On Thu, Oct 15, 2015 at 11:00 PM, Vladimir Ozerov <[email protected]>
wrote:

> Sorry, not very clear. "same" means the same thread that sent a message.
> This way if we have a listener and a single thread generating messages
> locally, only one CPU core will be utilizied.
>

Still confused. How can the thread that send a message be notified in a
listener about anything? Are you talking about synchronous
request-response? In this case it is probably done on purpose.
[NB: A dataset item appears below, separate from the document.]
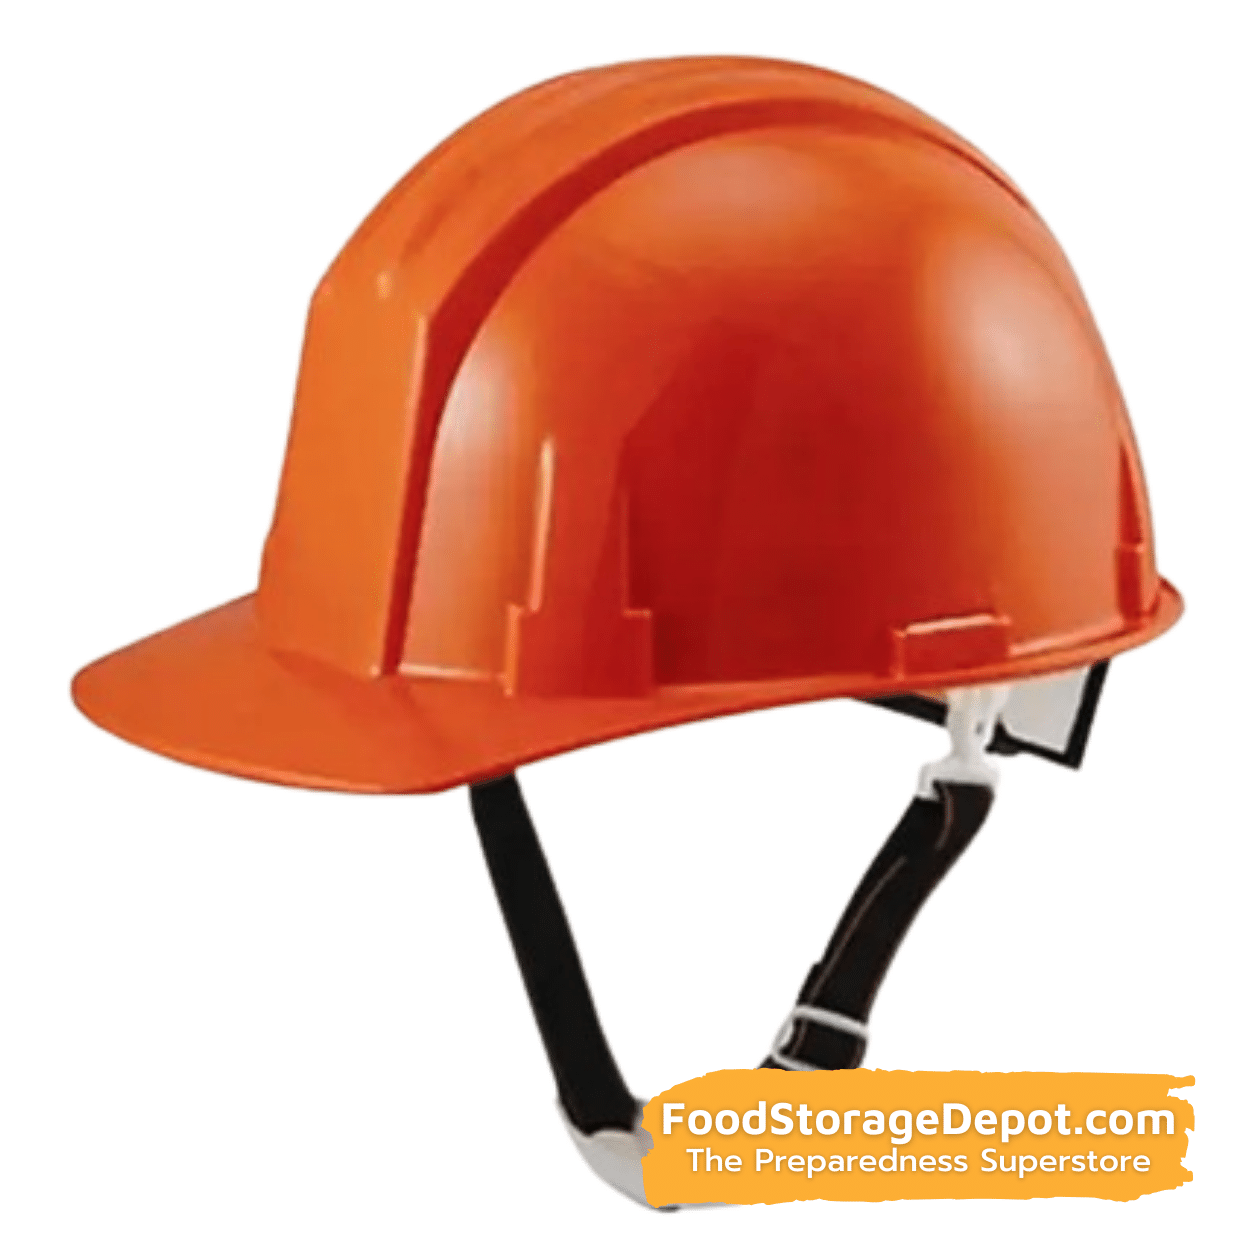 Orange Emergency Hard Hat With Adjustable Chin Strap (ANSI Approved)

I am still not sure what the problem is.


>
> On Fri, Oct 16, 2015 at 3:49 AM, Dmitriy Setrakyan <[email protected]>
> wrote:
>
> > On Thu, Oct 15, 2015 at 9:59 AM, Vladimir Ozerov <[email protected]>
> > wrote:
> >
> > > Folks,
> > >
> > > It looks like the problem is deeper and is not limited to futures. It
> > > relates to any user code. For example:
> > >
> > > 1) Register either local or remote message listener:
> > > Ignite.message().localListen("myTopic", myLsnr);
> > >
> > > 2) Send a message to the topic from the same node:
> > > Ignite.message().send("myTopic", "Hello world!");
> > >
> > > As a result, listener will be invoked synchronously from the same
> thread.
> > > It means we cannot utilize resources efficiently in case of local
> > message.
> > >
> >
> > I am a bit confused. Which thread is the "same" thread? Do you mean the
> > thread that does the listener notification? In that case, I can say that
> I
> > have performed various benchmarks in the past, and this is the most
> > performant way, assuming that the listener logic can execute relatively
> > fast and does not block the calling thread.